The filesystem store uses a **hybrid approach** that stores small data inline in redb and large data as files on disk.

### Design Rationale (from DESIGN.md)

- **Databases** are good for small blobs (low per-entry overhead, fast random access)
- **Filesystems** are good for large blobs (OS-level caching, direct file access)
- **Neither alone** works well for both cases

### Layout

```
<data_dir>/
├── db/                          # redb database
│   ├── metadata table           # Hash → EntryState
│   ├── inline_data table        # Hash → Bytes (for small blobs)
│   ├── inline_outboard table    # Hash → Bytes (for small outboards)
│   └── tags table               # Tag → HashAndFormat
├── data/<hash>.data             # Large blob data files
├── data/<hash>.outboard         # Large outboard files
├── data/<hash>.sizes            # Size tracking for partial files
└── data/<hash>.bitfield         # Validated chunk tracking for partial files
```

### EntryState

```rust
// Simplified from src/store/fs/entry_state.rs
pub enum EntryState {
    Complete(CompleteEntryState),
    Partial(PartialEntryState),
}

pub struct CompleteEntryState {
    pub data: DataLocation,      // Inline, Owned (canonical path), or External (user path)
    pub outboard: OutboardLocation, // Inline, Owned, or NotNeeded
    pub size: u64,
}

pub enum DataLocation {
    Inline,           // Stored in redb inline_data table
    Owned,            // File at canonical path <hash>.data
    External(Vec<PathBuf>), // User-owned file paths
}

pub enum OutboardLocation {
    Inline,           // Stored in redb inline_outboard table
    Owned,            // File at canonical path <hash>.outboard
    NotNeeded,        // Data ≤ 16 KiB, no outboard needed
}

pub struct PartialEntryState {
    // Either we know the verified size, or we don't yet
    pub verified_size: Option<NonZeroU64>,
}
```

### Thresholds

- **Data inline threshold**: 16 KiB (default) — blobs smaller than this are stored entirely in redb
- **Outboard inline threshold**: 16 KiB (default) — outboards smaller than this are stored in redb
- Data ≤ 16 KiB has no outboard (not needed for verification of a single chunk group)

### Blob Lifecycle

**Adding a local file (known data, unknown hash)**:
1. Compute the full BLAKE3 hash and outboard
2. Atomically move the file into the store under the hash name
3. Apply inlining rules: small files → redb, large files → filesystem

**Syncing from remote (known hash, unknown data)**:
1. Start with no data — keep state in memory (not in database)
2. As chunks arrive, write incrementally to partial files
3. Once size is known to exceed the inline threshold, create database entry + filesystem files
4. On completion, transition to `Complete` state and apply inlining rules

**Deletion**:
- Tags protect content from GC
- `TempTag` provides ephemeral (process-lifetime) protection
- HashSeq tags protect the root blob AND all referenced child blobs
- GC is mark-and-sweep: mark all reachable content via tags → sweep (delete) everything else
- Explicit `force` deletion bypasses protection (emergency use only)

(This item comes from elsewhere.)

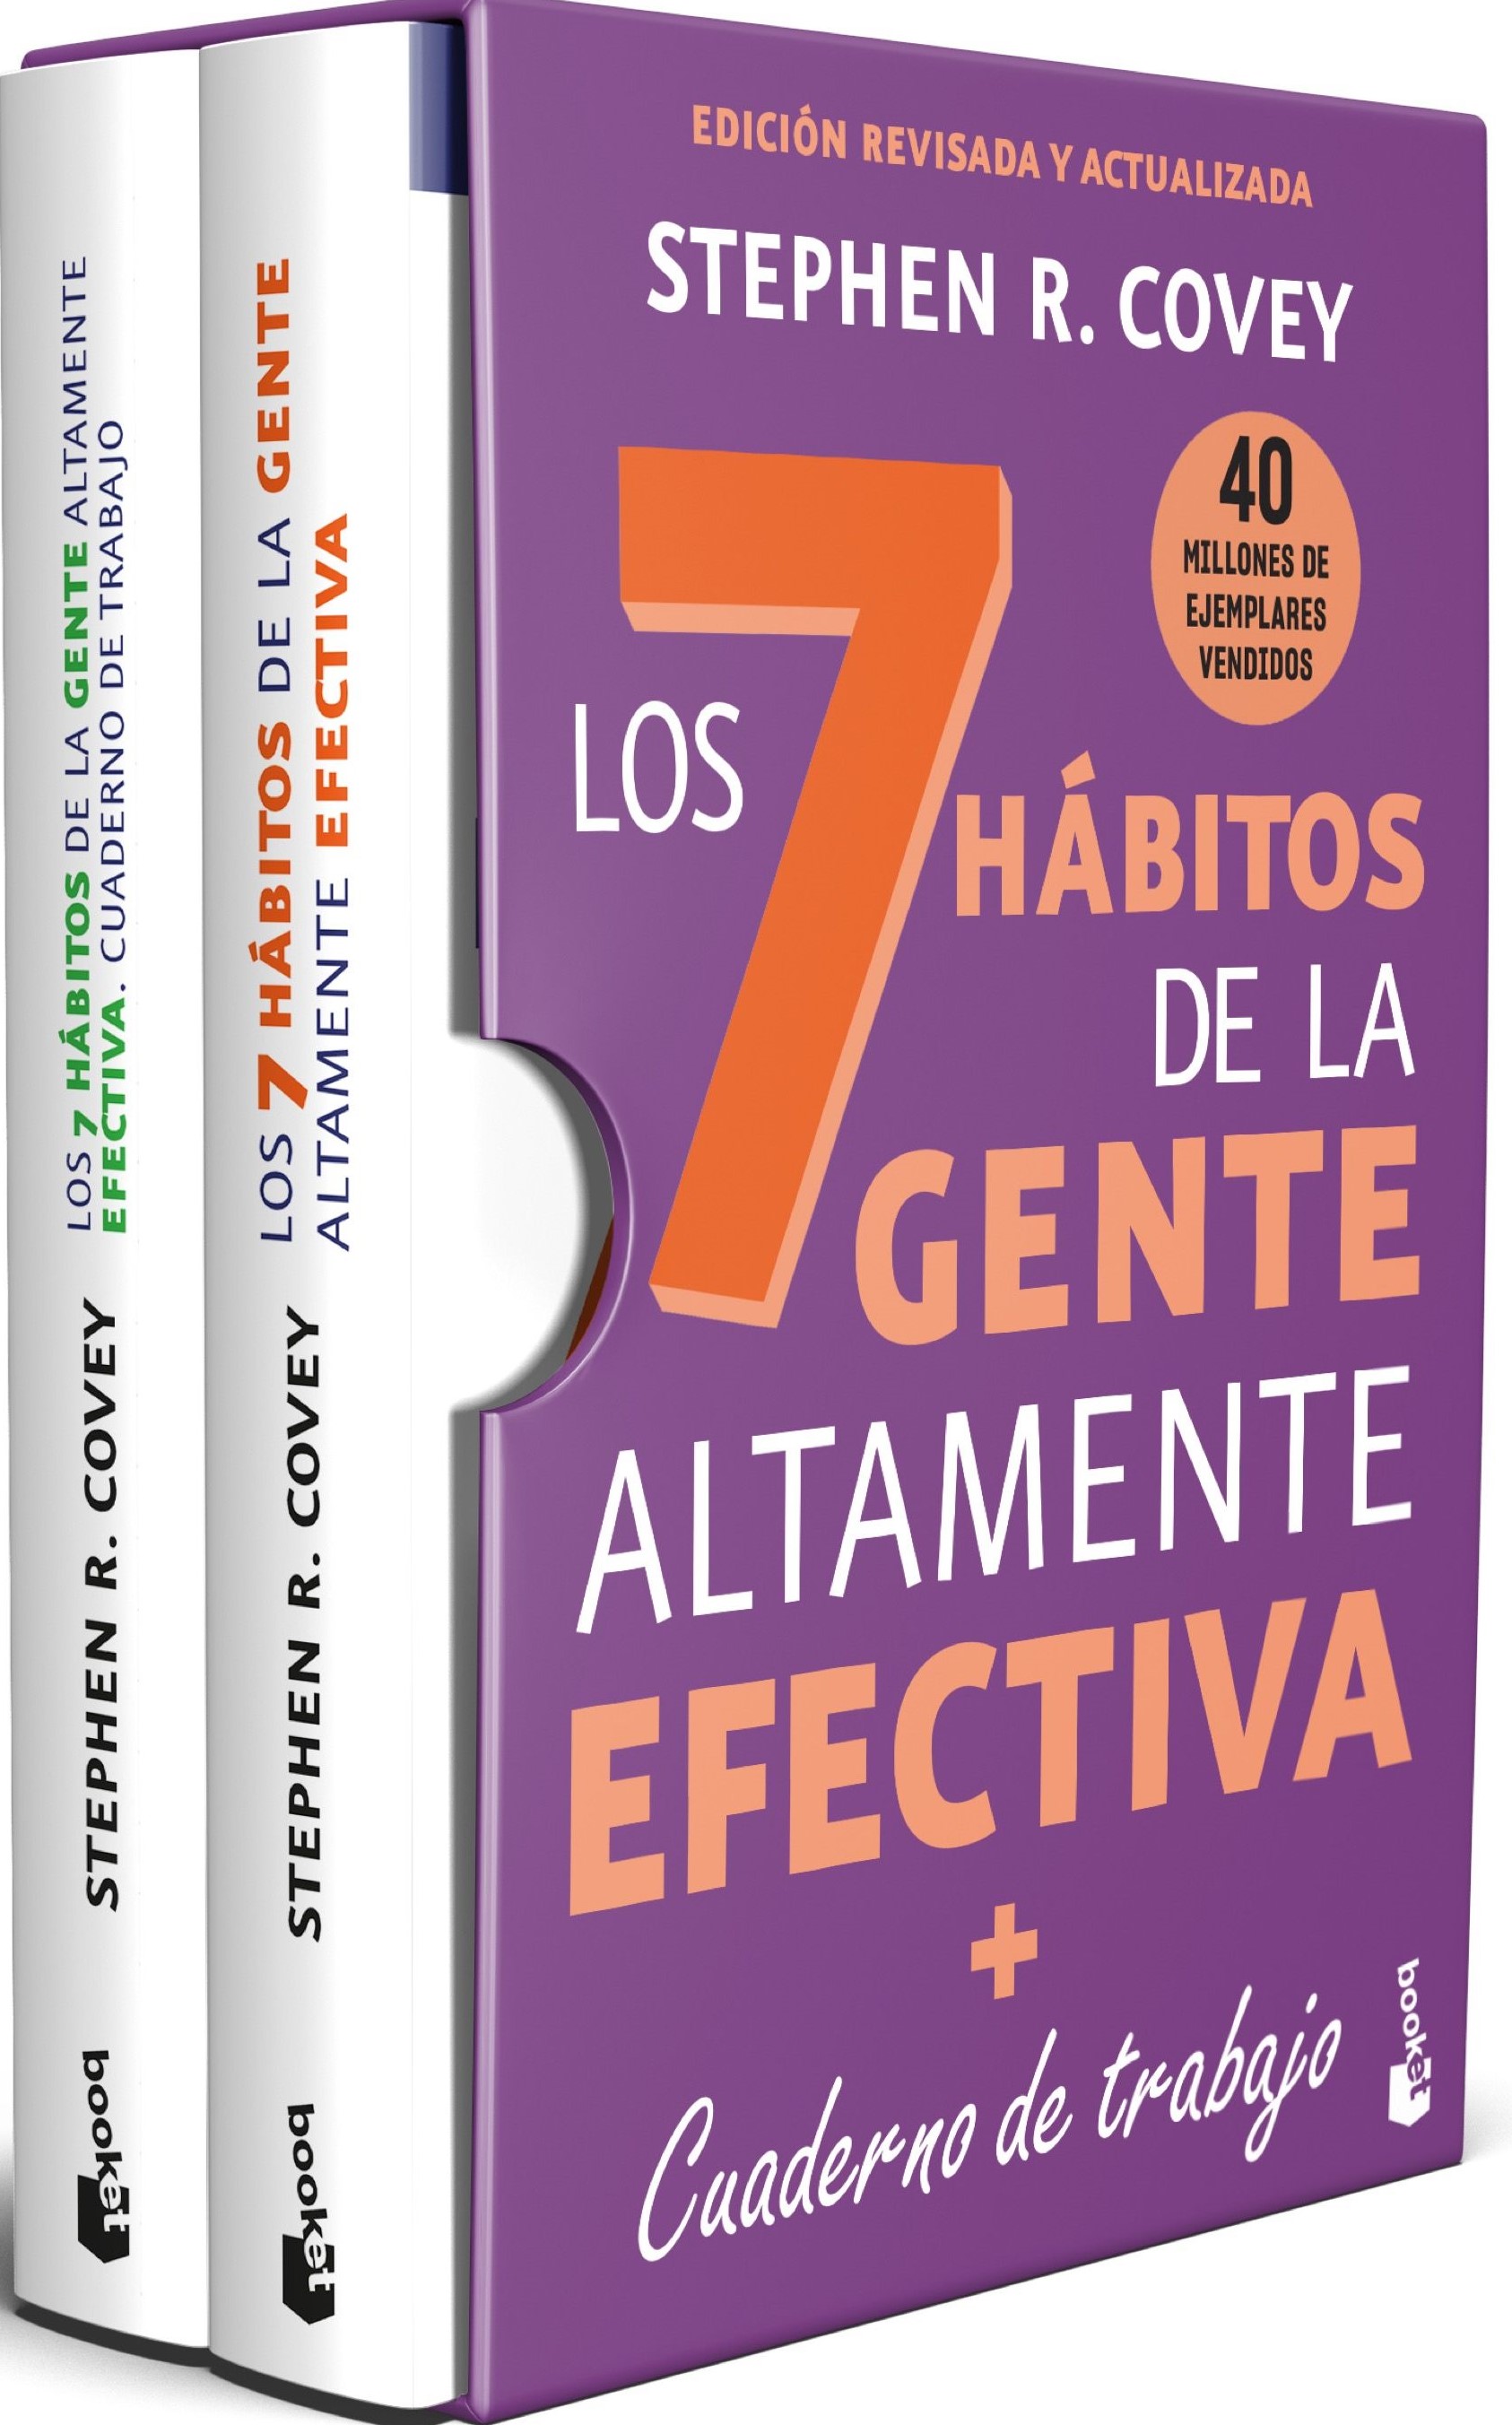 Los 7 hábitos de la gente altamente efectiva + Cuaderno de trabajo

### FsStore Actor Architecture

```
FsStore (ApiClient)
  │
  └── MainActor (tokio task)
        ├── TaskContext { config, db_actor_sender }
        ├── EntityMap: HashMap<Hash, ActiveEntityState>  // Currently active entities
        ├── JoinSet<TaskResult>                          // Running tasks
        ├── TempTags                                    // Ephemeral protection
        ├── ProtectedSet                                // GC protection
        └── idle_waiters
```

The FsStore uses an **entity manager** pattern where each hash gets a `BaoFileHandle` (like MemStore) when active, and entries are cleaned up when tasks complete.

## Garbage Collection

```rust
pub struct GcConfig {
    pub interval: Duration,
    pub add_protected: Option<ProtectCb>,  // Optional callback to add more protected hashes
}
```

GC is a two-phase process:
1. **Mark**: Walk all tags (persistent + temp), collect reachable hashes. For HashSeq format, traverse the hash sequence to find all child hashes.
2. **Sweep**: Delete all blobs not in the reachable set, in batches of 100.

GC runs automatically at a configurable interval via `run_gc(store, config)`, or manually via `gc_run_once(store, live)`.